# Prix iPhone 11 Pro Max



## cyann53 (22 Septembre 2021)

Bonjour à quelle prix dois je vendre moniPhone 11 Pro Max de 64 go de fin 2019? Merci de votre aide


----------



## edenpulse (22 Septembre 2021)

Regarde sur leboncoin à combien sont vendus/proposés les mêmes iPhone, ça te donnera une idée du prix moyen.


----------



## cyann53 (22 Septembre 2021)

J en ai vu à 520 euros  c est vraiment trop bas


----------



## MrTom (22 Septembre 2021)

Hello,
Tout dépend de son état.
Tu peux également regarder sur les sites de reconditionnement les tarifs pratiqués (de 717 à 797 chez BackMarket).


----------



## cyann53 (22 Septembre 2021)

Merci il est en excellent état je vais le mettre à 800 euros


----------



## Jura39 (22 Septembre 2021)

Bonjour

Il faut voir son état et celui de la batterie , j'ai vendu le miens la semaine dernière sur la Baie


----------



## Jura39 (22 Septembre 2021)

cyann53 a dit:


> Merci il est en excellent état je vais le mettre à 800 euros


Bonne chance , mais a ce tarif , j'ai un doute


----------



## cyann53 (22 Septembre 2021)

La batterie est à 86% à quelle prix l avez vous vendu?


----------



## Jura39 (22 Septembre 2021)

cyann53 a dit:


> La batterie est à 86% à quelle prix l avez vous vendu?

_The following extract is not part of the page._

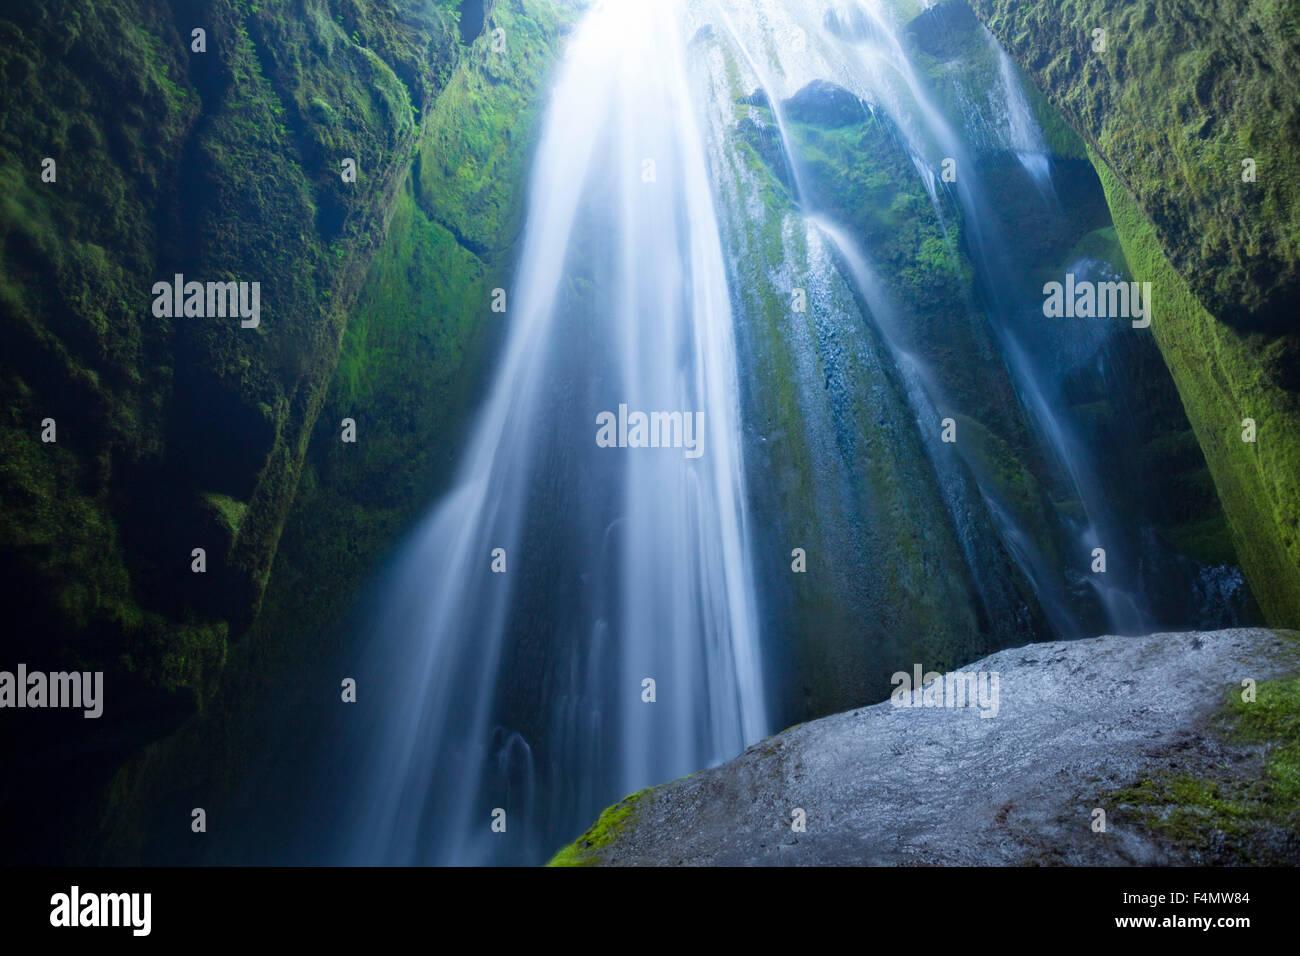 Gljufurarfoss waterfall deep within a narrow canon, Seljaland, Sudhurland, Iceland. - Stock Image

J'avais tenté aussi 800 puis 750  , mais pas d'acheteur , je suis descendu en dessous des 700. 
L'iPhone était en état neuf avec coque cuir Apple neuve et coque translucide Apple pas ouverte


----------



## cyann53 (22 Septembre 2021)

Merci beaucoup


----------



## Jura39 (22 Septembre 2021)

Sur le bon Coin , vous en avez pleins à vendre dans les 500 ou 600 €


----------



## cyann53 (22 Septembre 2021)

Oui j ai vu je vais attendre pour vendre


----------



## edenpulse (22 Septembre 2021)

cyann53 a dit:


> Oui j ai vu je vais attendre pour vendre


Ça n’en fera pas augmenter le prix, au contraire


----------



## Sly54 (22 Septembre 2021)

edenpulse a dit:


> Ça n’en fera pas augmenter le prix, au contraire


Quoique, dans 30 ans, sait-on jamais…


----------



## edenpulse (22 Septembre 2021)

cyann53 a dit:


> Merci il est en excellent état je vais le mettre à 800 euros


Ça partira jamais à ce prix là à mon avis. Un iPhone 12 Pro se négocie vers les 850-900.


----------



## Jura39 (22 Septembre 2021)

edenpulse a dit:


> Ça partira jamais à ce prix là à mon avis. Un iPhone 12 Pro se négocie vers les 850-900.


Je plussoie , mème a 700  c'est juste


----------



## iDreem (27 Septembre 2021)

Alors très franchement, en se disant que l'iPhone 11 Promax est le direct successeur de l'iPhone X… Tu pourras pas en tirer une très très grosse somme, l'avantage c'est qu'il n'a pas beaucoup de différence avec l'iPhone 12 ! Donc c'est peut-être ce qui peut sauver la donne mais en vérité… Entre 600 et sept cents euros


----------



## love_leeloo (28 Septembre 2021)

pour te donner une idée je viens d'acheter un 12 Pro 128Go de novembre 2020 pour 750€ en état neuf​


----------



## cyann53 (28 Septembre 2021)

je l'ai vendu merci à vous


----------



## love_leeloo (28 Septembre 2021)

Combien ?


----------